Statistics for Criminology and Criminal Justice
SAGE Journal Articles
Click on the following links. Please note these will open in a new window.
Article 1:
Abstract: This study compares the relationship between official crime rates in census tracts and resident perceptions of crime. Using a unique data set that links household-level data from the American Housing Survey metro samples over 25 years (1976-1999) with official crime rate data for census tracts in selected cities during selected years, this study finds that tract violent crime is the strongest predictor of residents’ perception of crime. This standardized coefficient was .71 on average over the seven waves. Models simultaneously taking into account both violent and property crime found a consistently strong positive effect for violent crime but a consistently negative effect for property crime. Among types of violent crime, robbery and aggravated assault have the strongest effect on the perception of crime in the tract. Burglary showed a stronger effect on perceptions of crime in the 1970s but a steadily weakening effect since then. There was little evidence that the racial/ethnic composition of the tract affected these perceptions.

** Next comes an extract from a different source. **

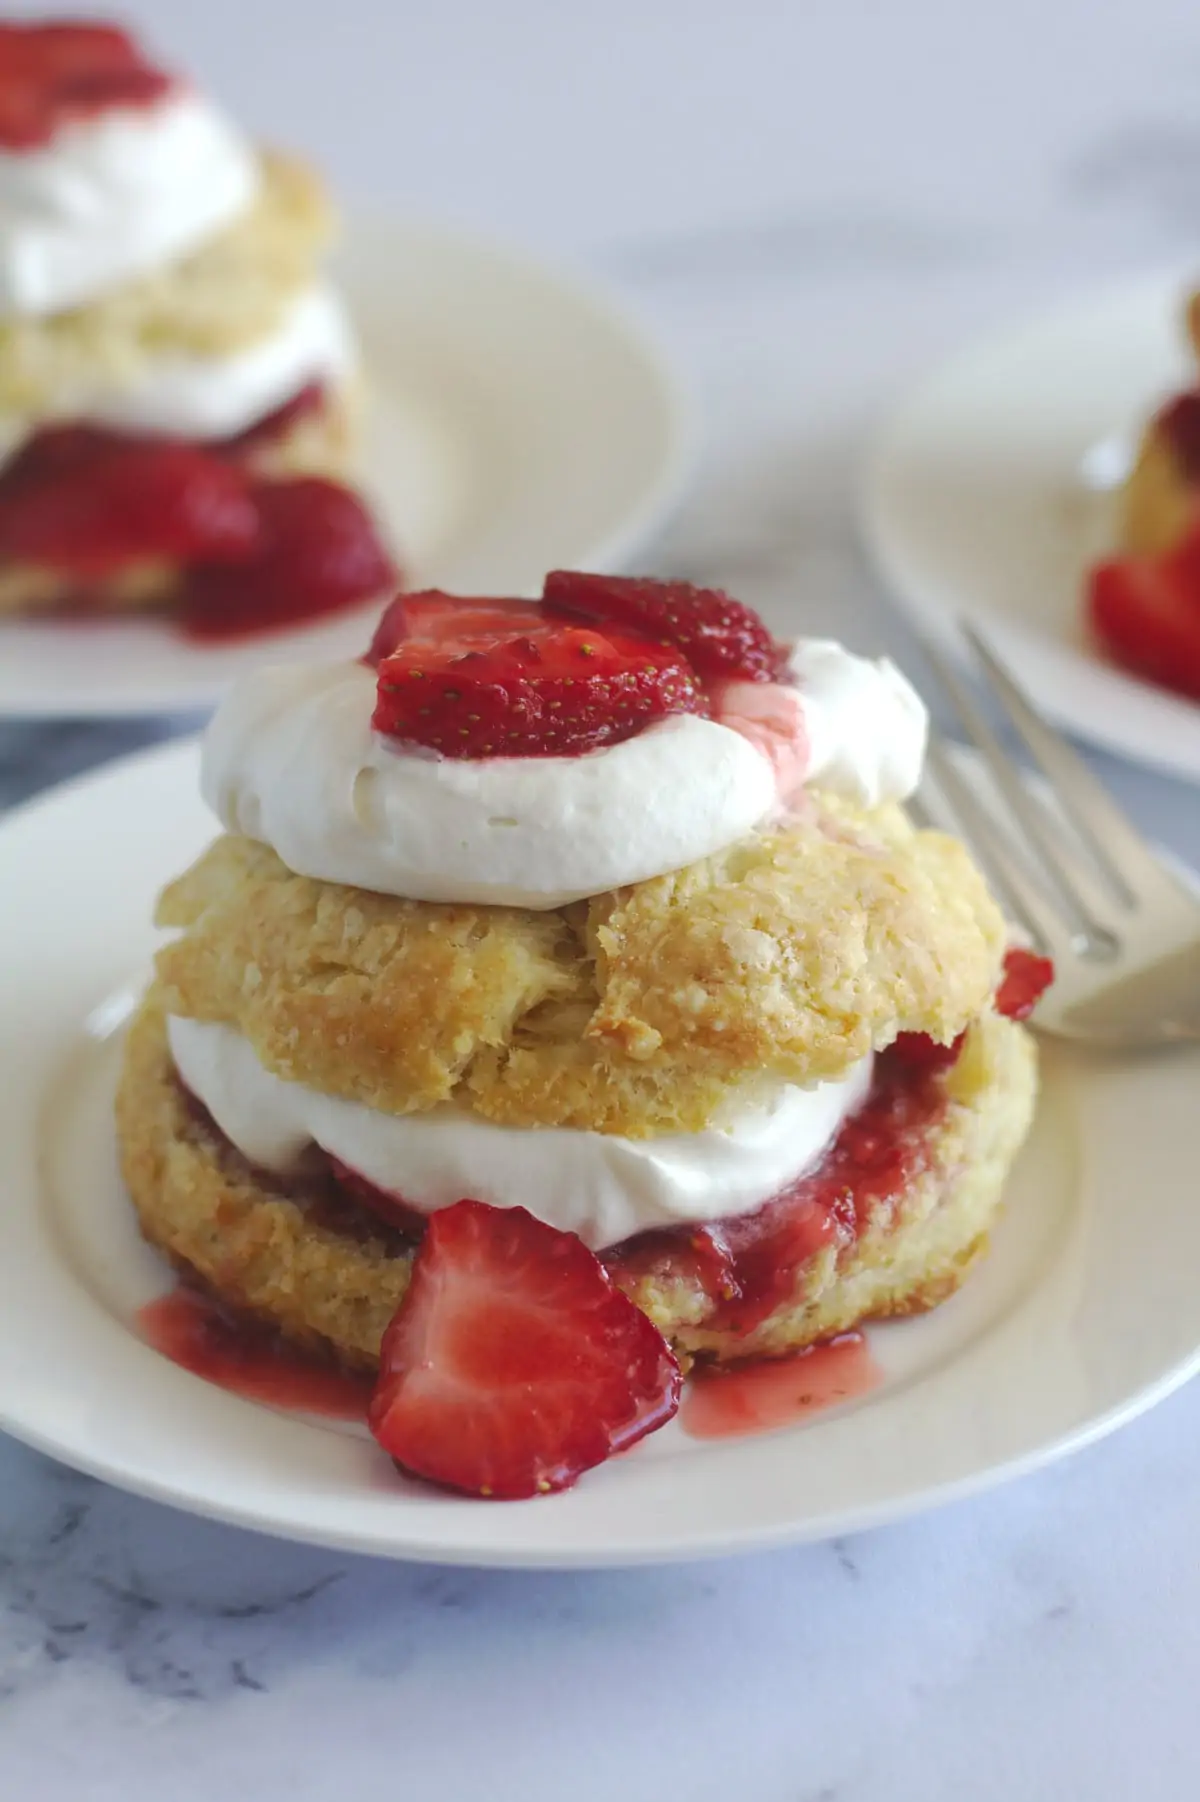 A strawberry shortcake on a plate with a fork.

Questions that apply to this article:
- 1. Why was it important to look at rates rather than frequencies when comparing the cities in the samples?
- 2. Did the researchers find that actually crime rates affected individual’s perceptions of crime?
- 3. What issues come with studying crime rates at an aggregate level?
Abstract: Many people do not regard violence against them as a crime, but the factors that influence this response are unknown. Understanding how the ‘crime worthiness’ of violence is interpreted allows an insight into how victims make sense of their experience, how communities influence attitudes towards victimisation and the reporting of crime to the police. A pooled cross-sectional sample of respondents to the Crime Survey for England and Wales was used to identify factors associated with the decision to label or discount a violent incident as a crime. Individual and neighbourhood level effects were estimated using multilevel modelling. Harm, the perceived unjustness of the incident and victim-offender relational distance predicted labelling, whereas frequency of victimisation and victim initiation of the incident predicted discounting. Neighbourhood and neighbourhood crime had little effect on victims’ interpretations of the ‘crimeworthiness’ of violence. When victims interpret violence against them, they appear to do so unencumbered by social norms, but are influenced by the impact of the violence, the ‘prototypicality’ of the incident as a crime and their previous experience of violence
Questions that apply to this article:
- What was a dependent variable of interest in this study?
- Which of the variables was made dichotomous, and why?
- Pick three variables in the study and explain what each variable’s level of measurement was.